Lanciano. E’ in pietra della Majella e raffigura una donna con un bambino fra le braccia, la gonna impigliata nel filo di ferro, che riesce a liberarsi e continuare il viaggio. Accanto una ruota, simbolo del viaggio, del cammino di un popolo. E’ il monumento al ‘Samudaripen’ inaugurato a Lanciano nel Parco delle Memorie, scultura realizzata da Tonino Santeusanio grazie a una raccolta fondi promossa, tramite un comitato internazionale, da Santino Spinelli, artista e docente universitario, ambasciatore della cultura Rom nel mondo.
Un monumento per ricordare, primo in Italia, la persecuzione razziale e lo sterminio di cinquecentomila fra Rom e Sinti in Italia e Germania tra 1935 e 1945. Spinelli è anche autore della poesia ‘Auschwitz’ (nelle lingue Romanì, italiano, inglese ed ebraico) sul basamento del Monumento, incisa su ceramica laertina donata dal Comune di Laterza (Taranto), città gemellata con Lanciano. La stessa poesia è sull’unico altro monumento al Samudaripen in Europa il Roma Memorial di Berlino.
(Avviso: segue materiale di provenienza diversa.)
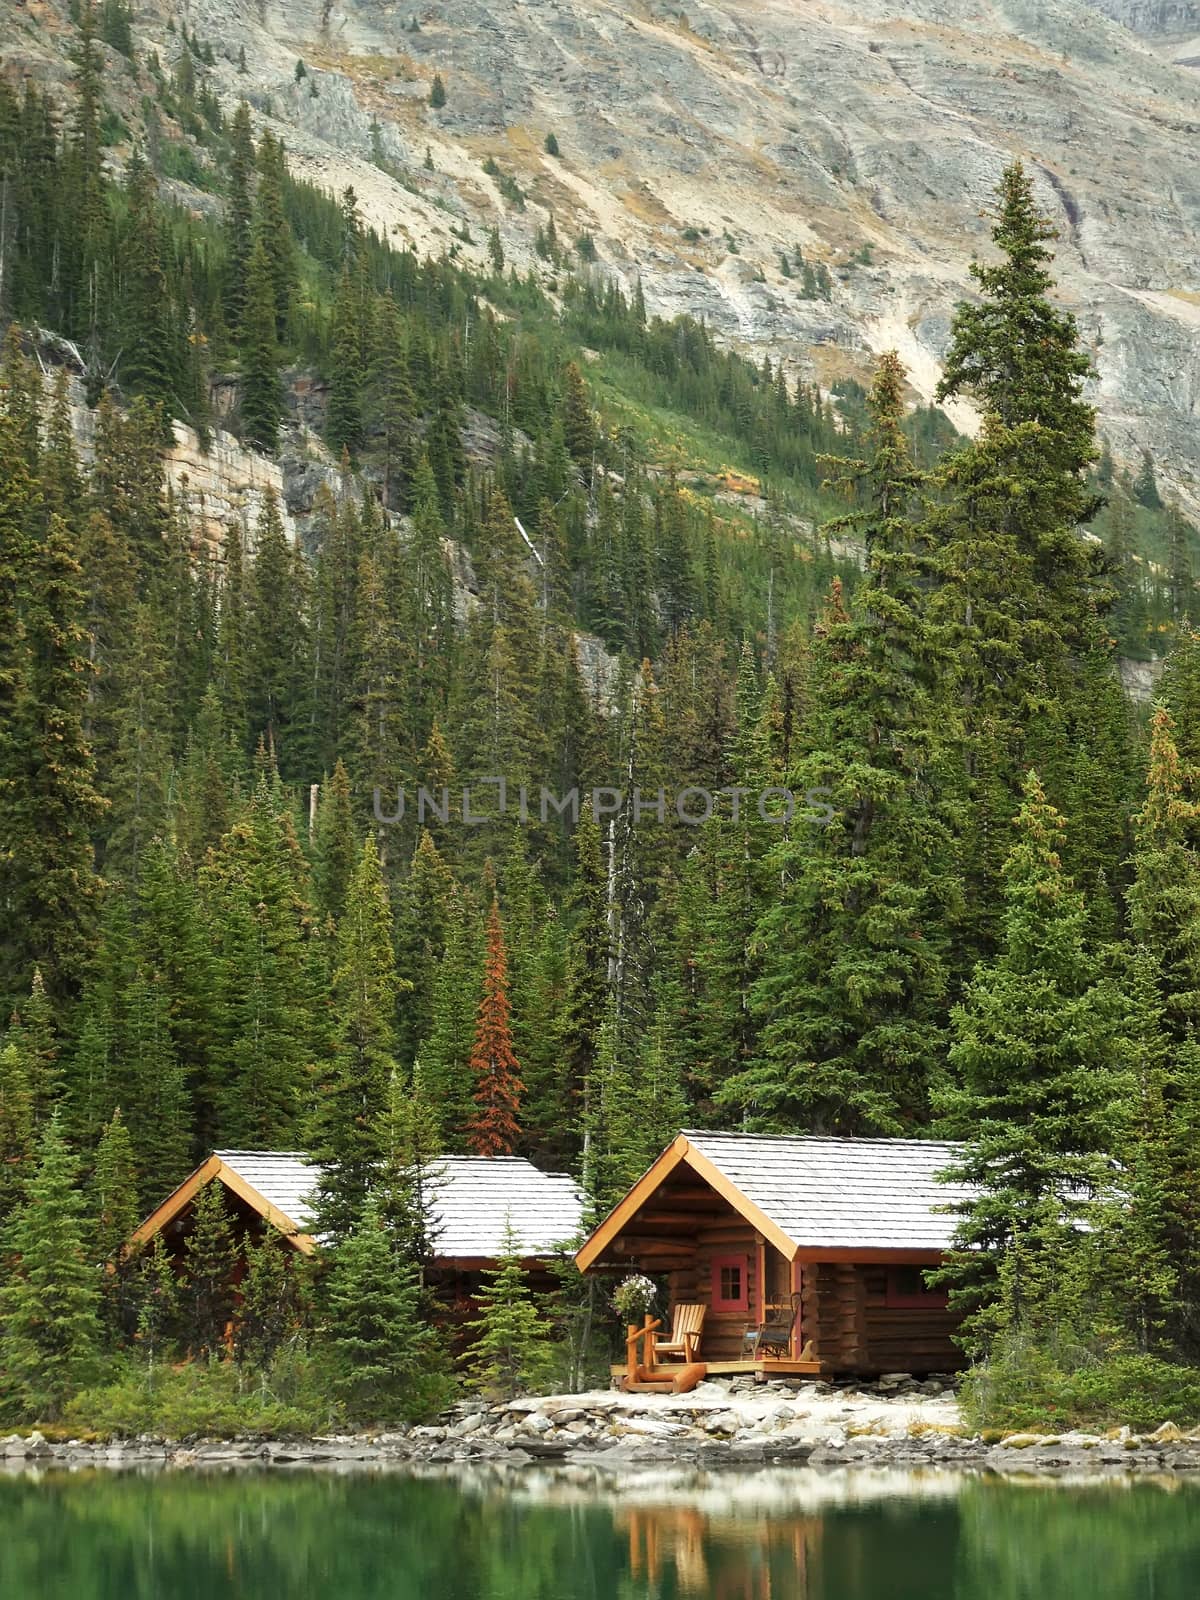 Wooden cabins at Lake O'Hara, Yoho National Park, British Columbia, Canada

“Inaugurare un monumento alla memoria dello sterminio di Rom e Sinti attuato dai nazisti è un atto dovuto e anzi giunge con troppo ritardo. La Shoah degli Ebrei e il Porrajmos dei popoli nomadi sono parte di uno stesso progetto disumano. Io ricordo, perché io c’ero”. Così la senatrice a vita Liliana Segre nel messaggio inviato a Lanciano dove oggi, nel Parco delle Memorie, davanti a Villa Sorge che fu campo di internamento, è stato inaugurato il primo monumento in Italia dedicato al ‘Samudaripen’, il genocidio di oltre mezzo milione di Rom e Sinti perpetrato nei campi di sterminio dal nazifascismo durante la Seconda guerra mondiale. Il messaggio è stato letto dal senatore Luigi Manconi, presidente dell’Ufficio nazionale antidiscriminazioni razziali (Unar), e applaudito dai tanti presenti. “C’ero in quei campi di sterminio in cui, insieme agli ebrei, anche altre minoranze vennero annientate. Tra queste, il gruppo più numeroso fu proprio quello degli appartenenti alle popolazioni dei Rom e Sinti. E dire che ad Auschwitz inizialmente la condizione dei prigionieri nel ‘lager degli zingari’ aveva suscitato la nostra invidia. Lì non erano stati separati, gli uomini dalle donne, gli abili al lavoro dagli inabili, e le famiglie vivevano unite nelle loro baracche, e avevano conservato anche i loro vestiti. Sentivamo le loro voci, le voci dei bambini, li consideravamo fortunati. Solo dopo capimmo cosa li aspettava. Ce ne accorgemmo una mattina in cui quei rumori non li sentimmo più e nelle loro baracche vuote regnava un silenzio spettrale”. “Durante la notte tutti, uomini, donne, bambini, vecchi – continua il messaggio di Liliana Segre – erano stati portati nelle camere a gas e sterminati. Chi ha vissuto tutto ciò non può non trovare scandaloso l’oblio che perlopiù è caduto sullo sterminio dei nomadi. Il monumento che oggi inaugurate è giunto troppo tardi e sicuramente è troppo poco, ma se serve a riprendere un cammino di memoria, di conoscenza e di coscienza costituirà comunque un primo passo importante e significativo”.